→ **TASK REQUIREMENTS**: Please output every line of the material as it stands, without the pictures.

→ **GIVEN DATA**:

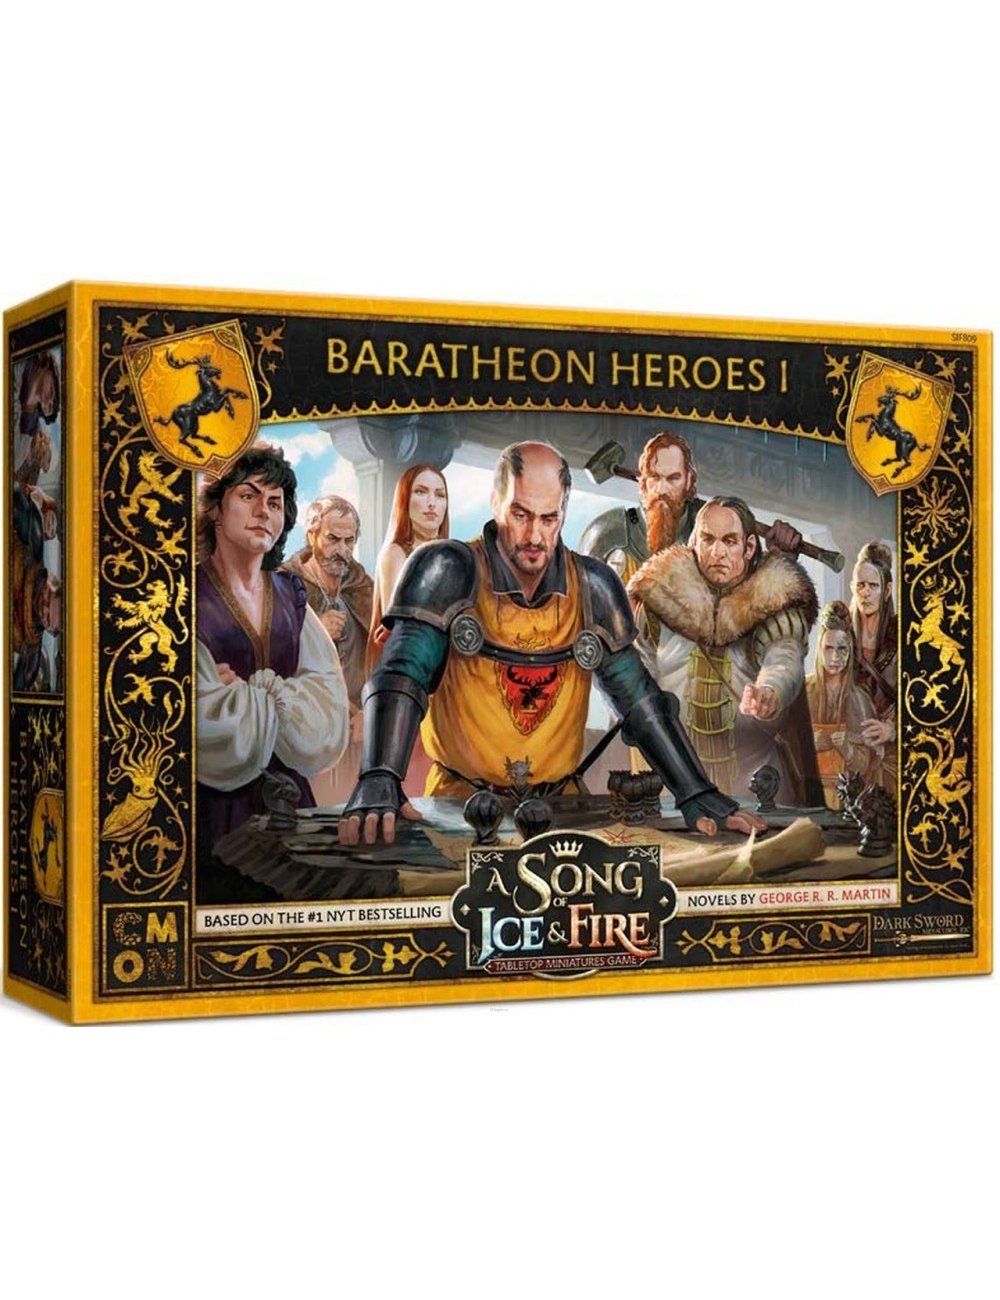 A SONG OF ICE & FIRE - Baratheon Heroes 1 (ENG)
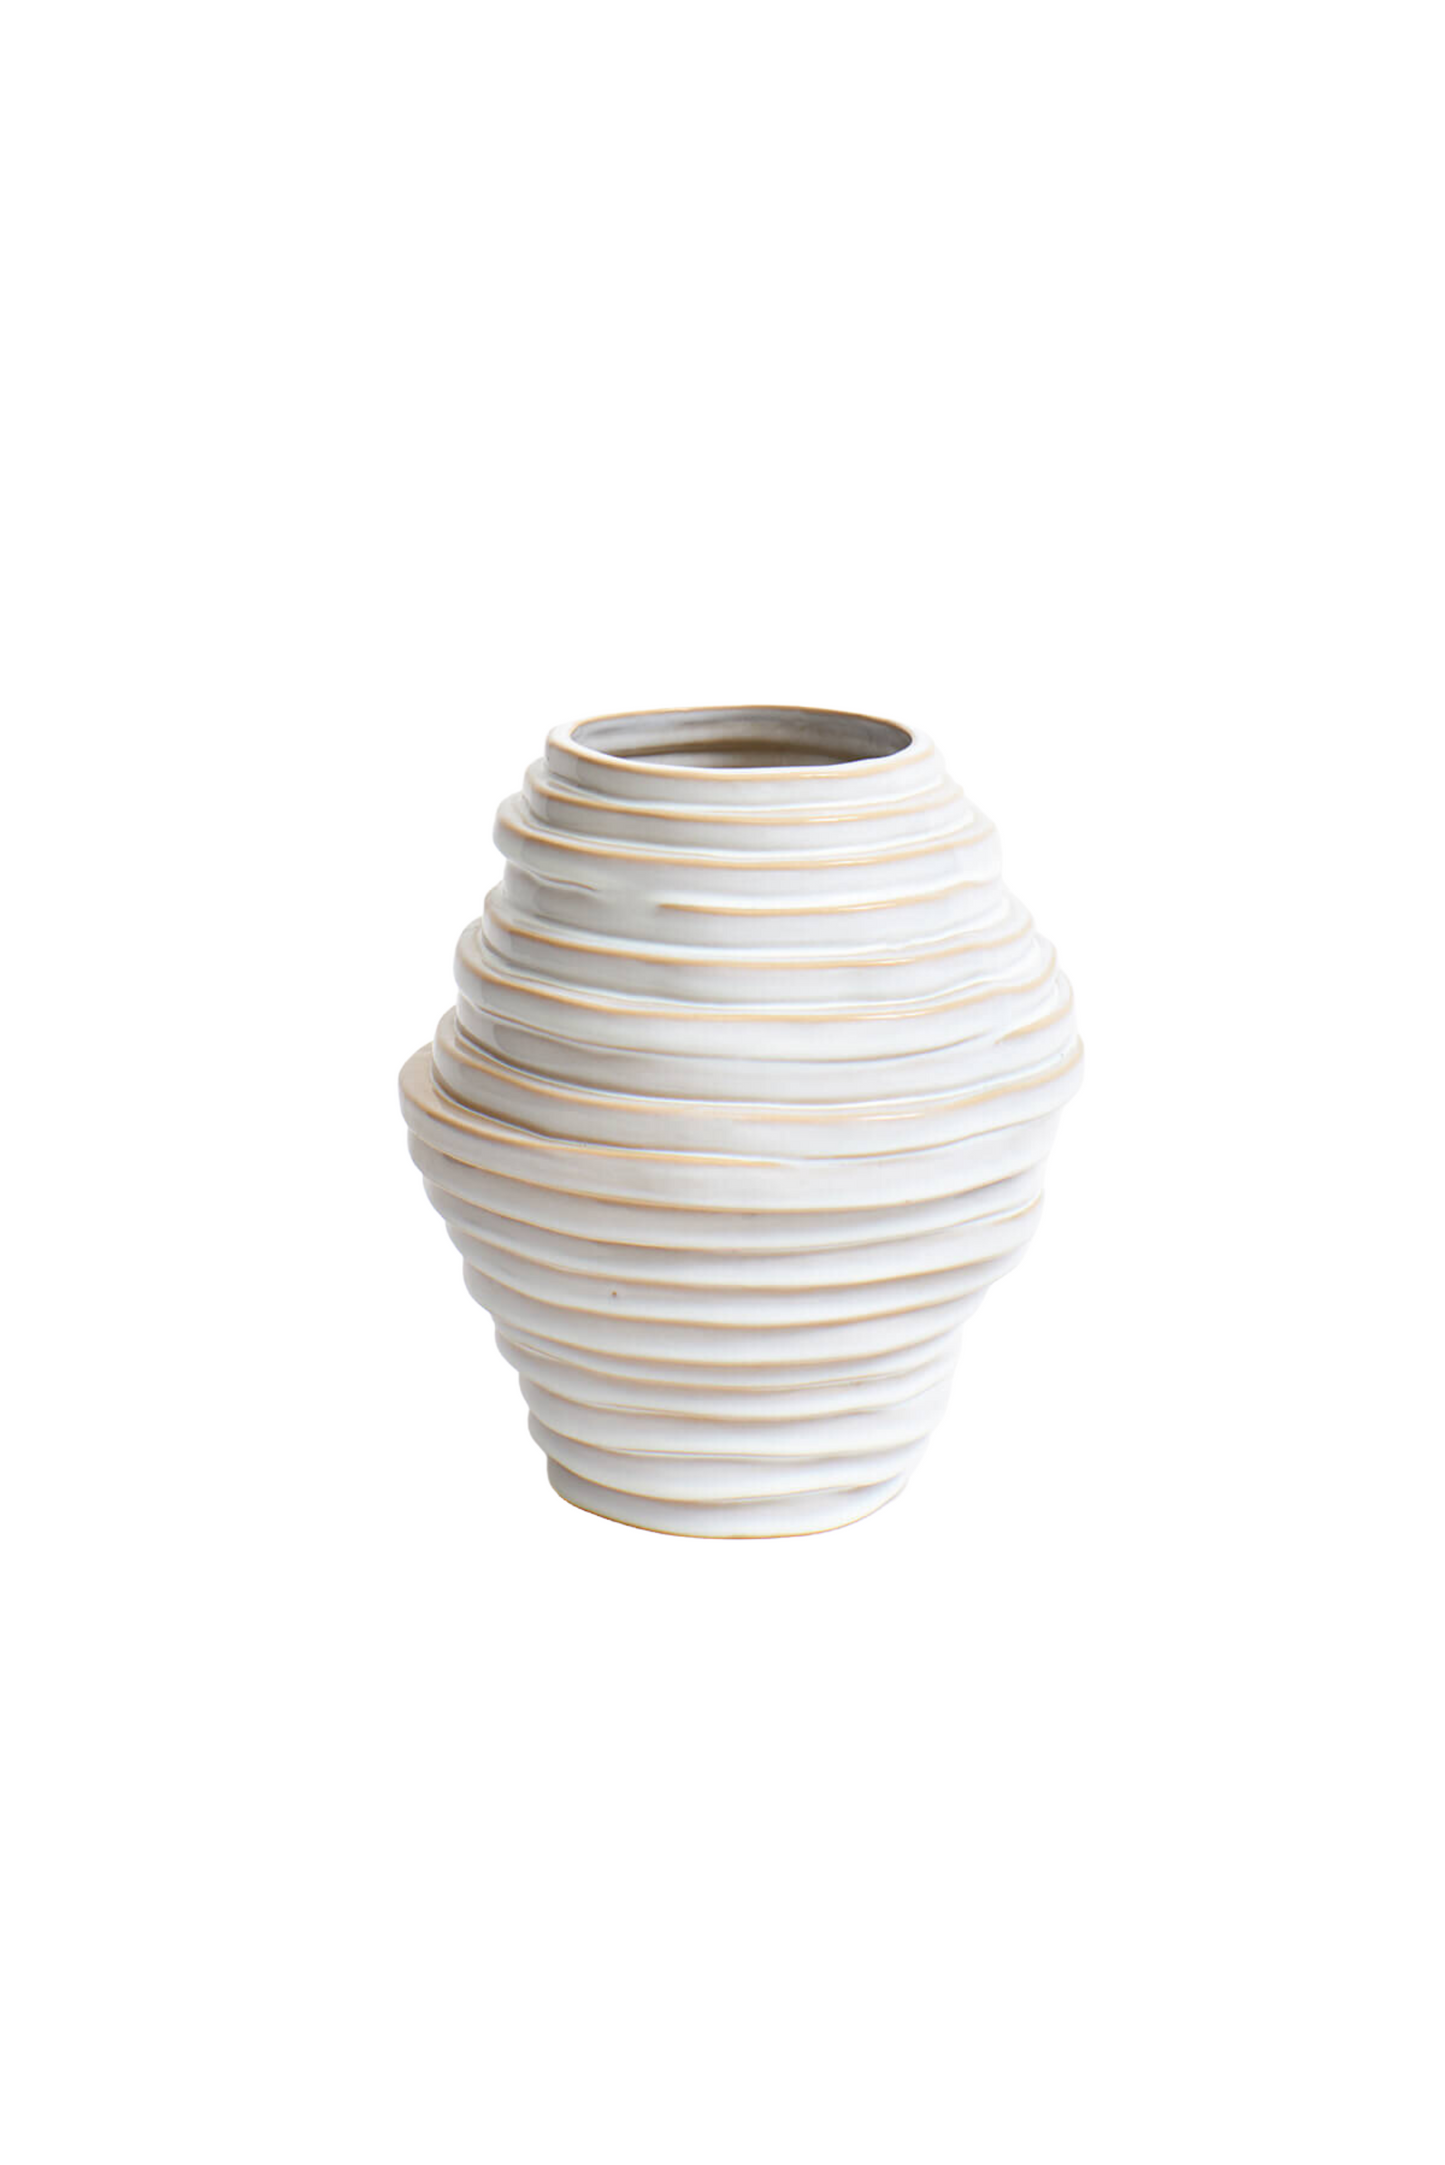 PROJECT 213A // ALFONSO VASE
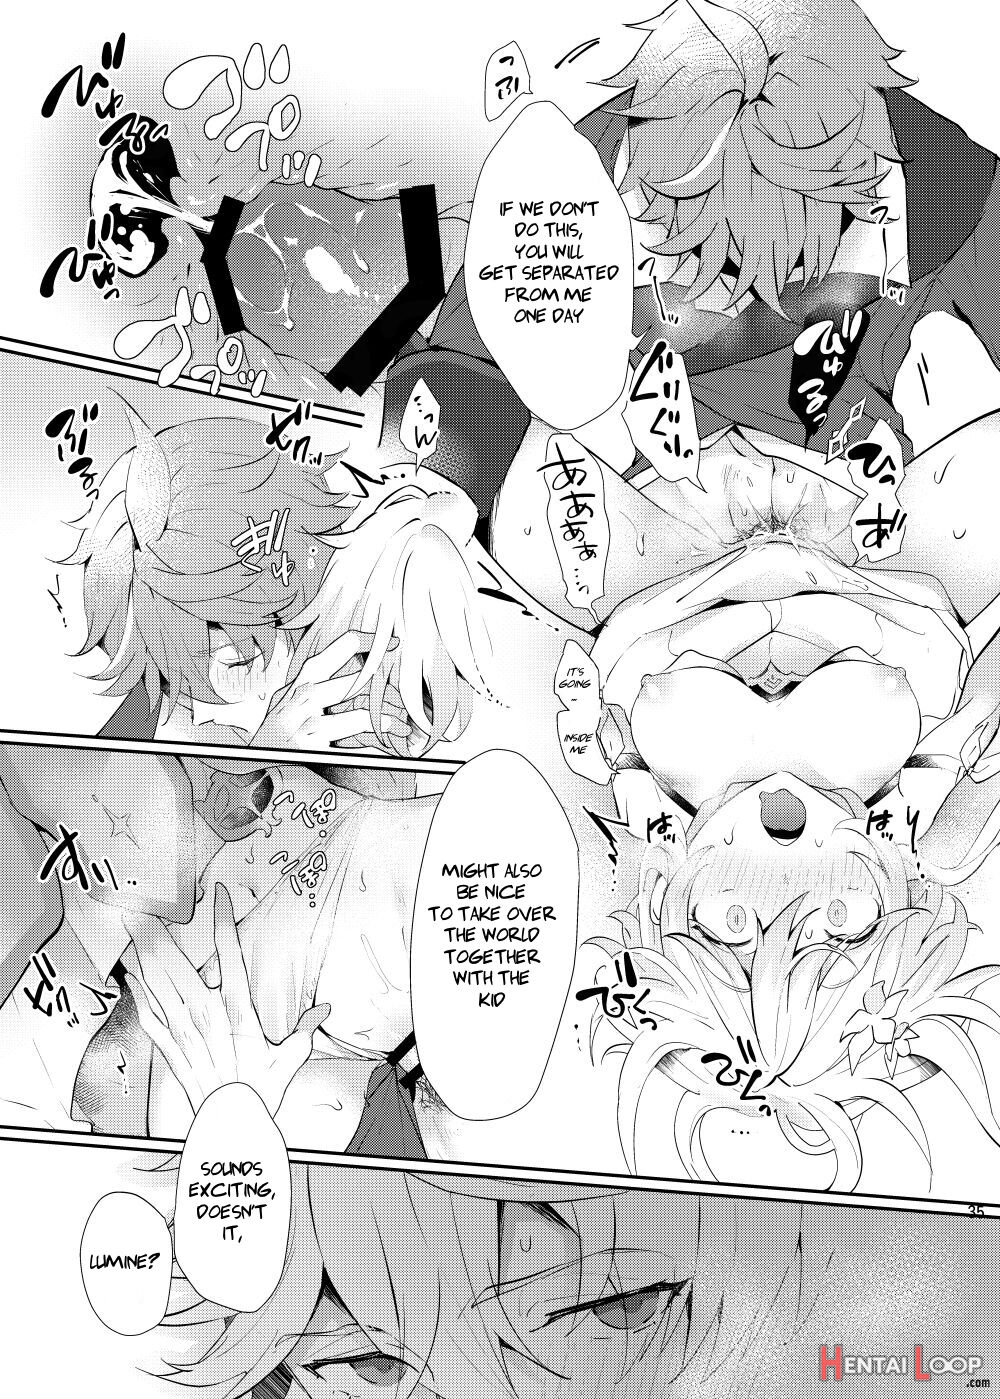 Chilumi On A Certain Monday ~in The Golden House~ page 8
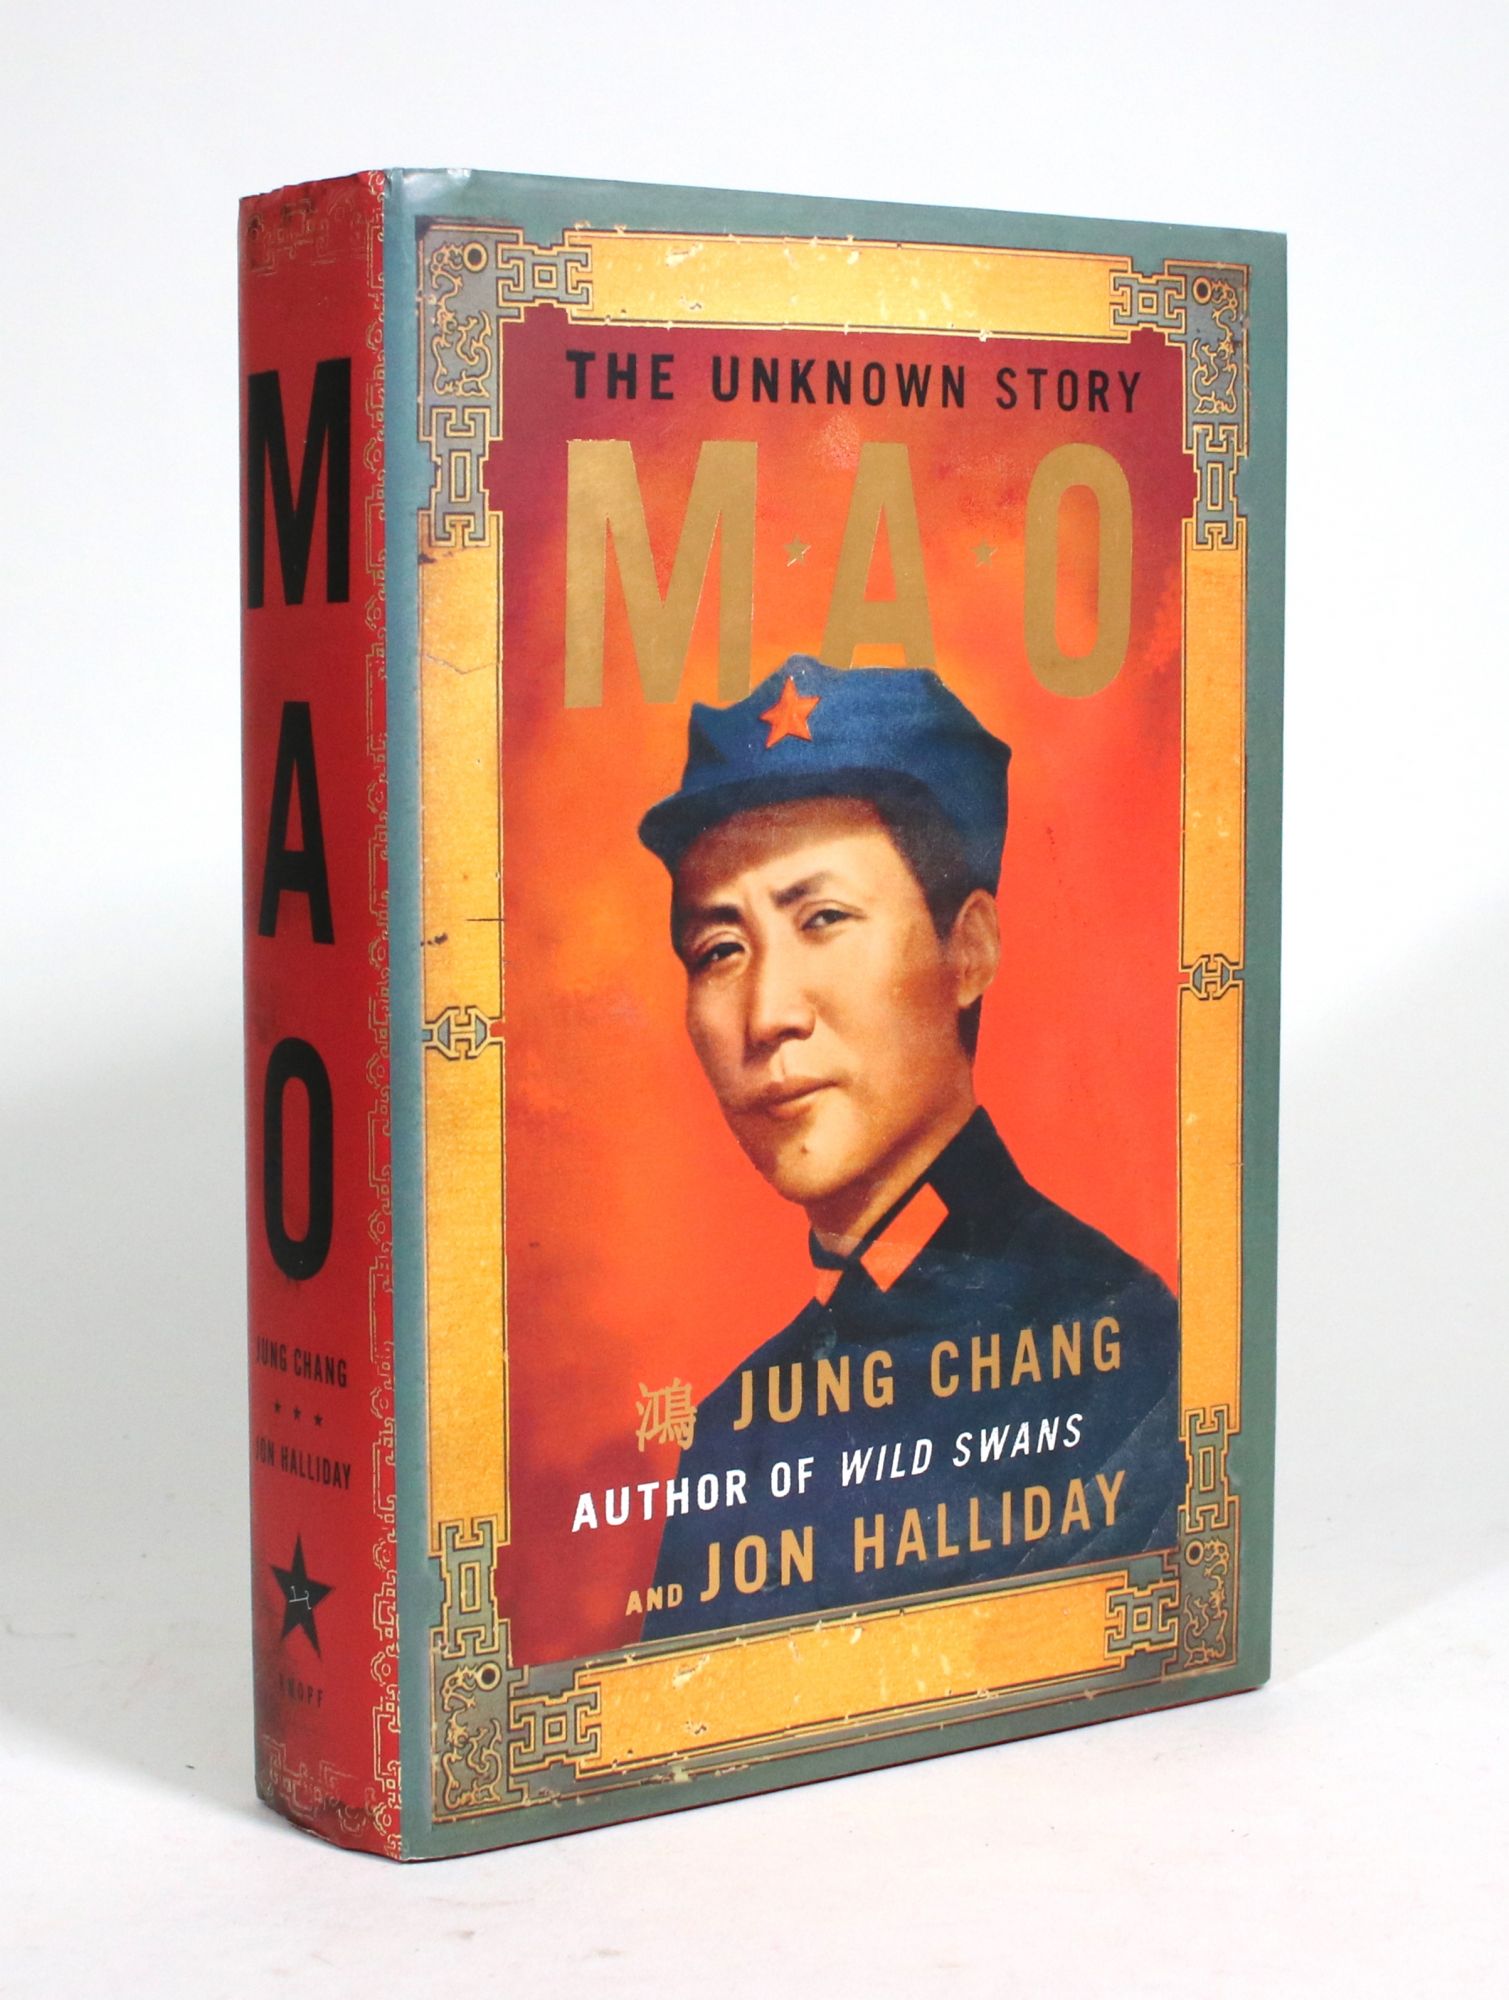 ILAB　Unknown　Fine　Halliday:　Edition.　Hardcover　The　1st　by　(2005)　Chang,　Mao:　Jung　Jon　and　Story　ABAC　Minotavros　Books,

→ **RESPONSE TO THE TASK**:
 A SONG OF ICE & FIRE - Baratheon Heroes 1 (ENG)
 PROJECT 213A // ALFONSO VASE
 Chilumi On A Certain Monday ~in The Golden House~ page 8
 ILAB　Unknown　Fine　Halliday:　Edition.　Hardcover　The　1st　by　(2005)　Chang,　Mao:　Jung　Jon　and　Story　ABAC　Minotavros　Books,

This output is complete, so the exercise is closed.